2006-09-29 05:49:07 · 3 answers · asked by Just_Asking 2 in Family & Relationships Singles & Dating

3 answers

Why don't you try to exercise some empathy? Not everyone thinks just like you do, nor should they. We all have our pwn perspective, and our own perceptions. Granted, her perception does not always equal your intent, so when she reacts emotionally, take a step back from defending yourself. Put yourself in her shoes. Forget what you think and try to see things from her perspective. Tell her what you think she must be feeling. Then, clarify your intent (what you really meant). You should always seek to understand before expecting to be understood. Sorry, but you just have to make the extra effort. And you are overgeneralizing when you atribute a woman's qualities to all women in general. That might be part of the problem and why you have suck bad luck with women. Maybe if you changed your attitude juat a bit, and realized that when a certain problem with several women happens, YOU are the common denominator. Maybe you just refuse to see beyond your own perspective. Maybe you think your view is the only correct view, and you try to convince others of that. This would be a huge mistake. Maybe you think you can justify your view by 'speaking for all males'. This is also wrong. there many other males out that there that "get it", even if you don't.
So to answer your question, try these things: (to de-escalate an argument)
1- Slow down. What are you/she angry about?
2- Put yourself in her shoes. Tell her what you think she must be feeling.
3- Allow her a moment to correct any misunderstanings. Do not explain or defend yourself. Apologize (even if she perceived yoour intent incorrectly).
4- Clarify your intent. This is where you get to explain yourself. Apologize again. Sincerely.
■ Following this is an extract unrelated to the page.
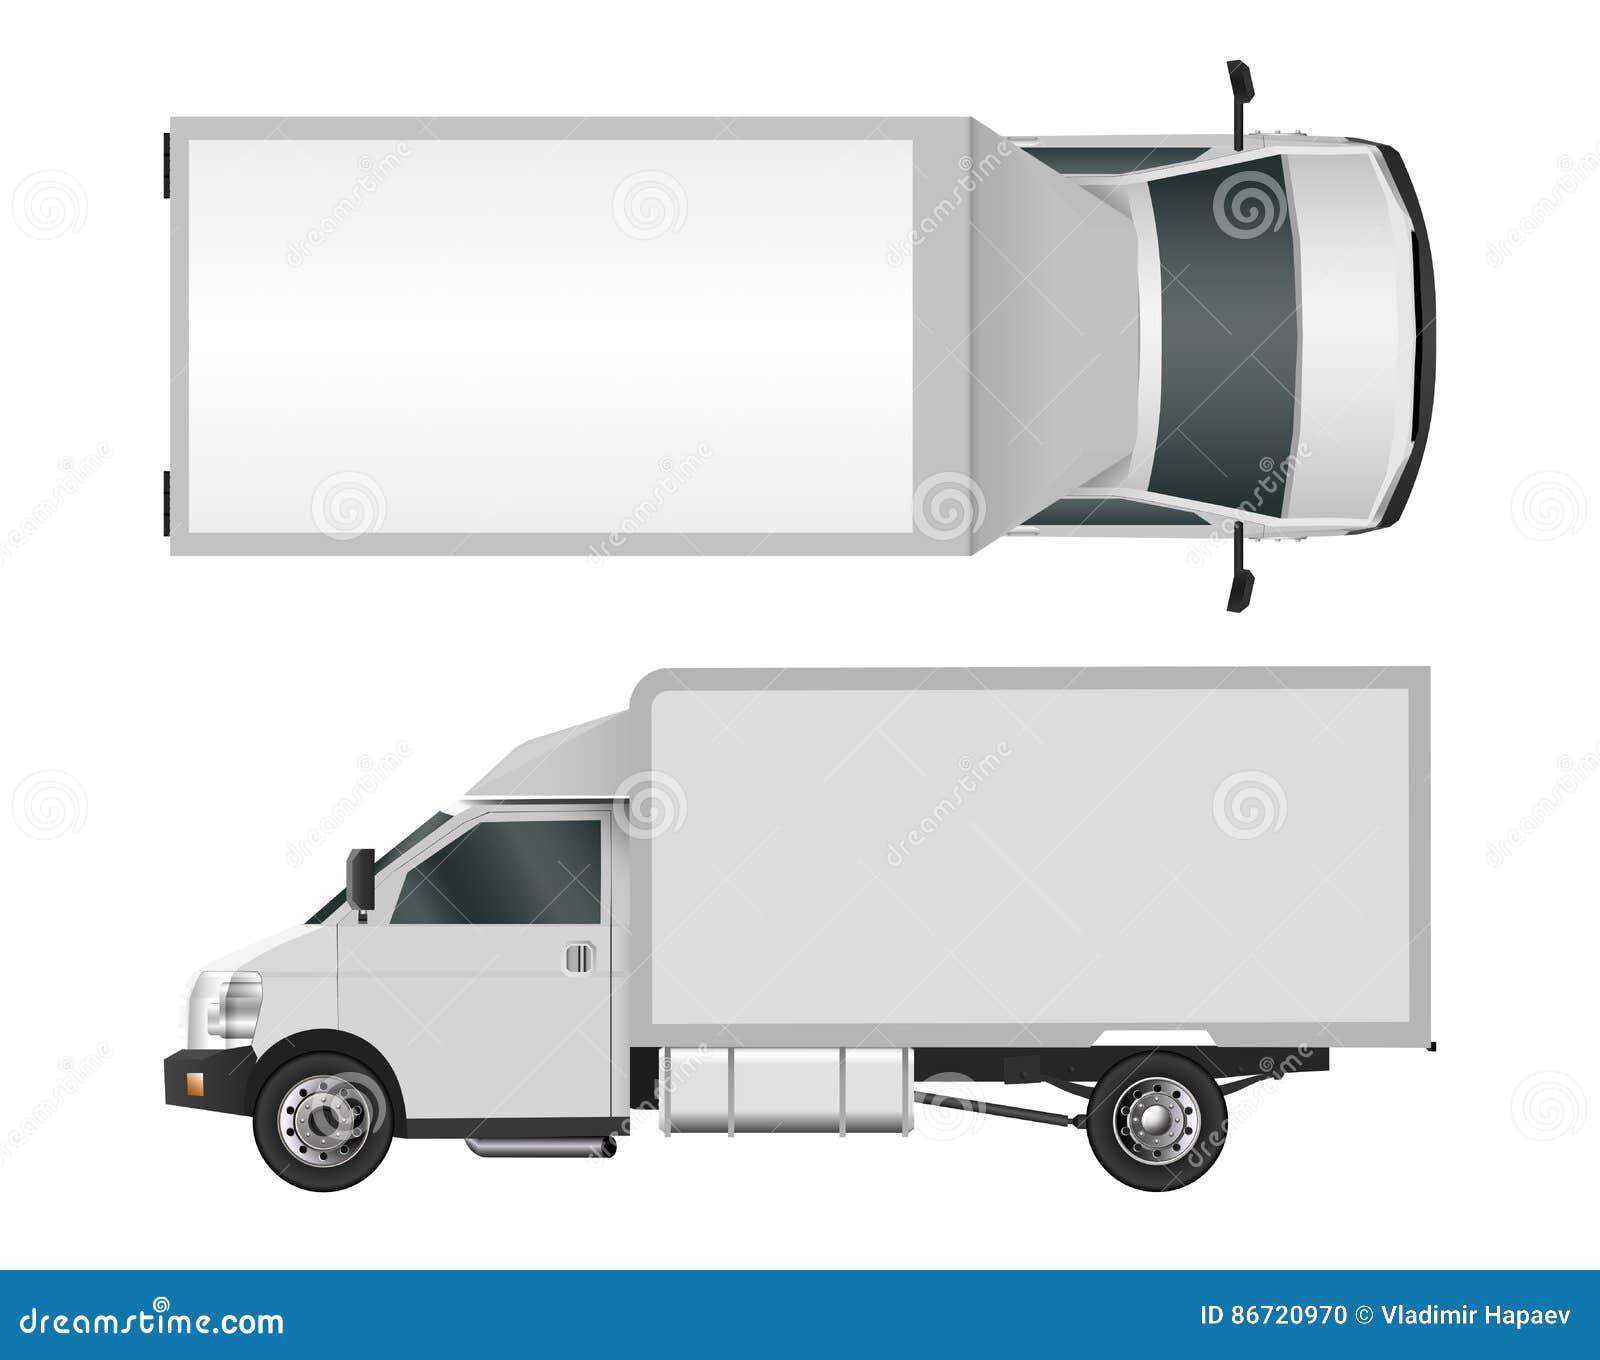 isuzu box truck template 15416 notefolio. Black Bedroom Furniture Sets. Home Design Ideas

Avoid finger pointing, blaming, accusing, spitefulness (trying to get back at her or hurt her feelings), dismissing, being "victimized", being "right", trying to convince her to see things your way, etc.

To avoid arguments, when you first feel the sting, aks her what she meant by that (give her the benefit of the doubt, and another chance to say what she really means). And if she reacts emotionally to something you say, take a moment to say "what are you upset about?" Let her tell you. Tell her in your own words how you think she feels and why (whatever you did). Let her correct you if she needs to. Then, apologive for giving her that idea and explain yourself.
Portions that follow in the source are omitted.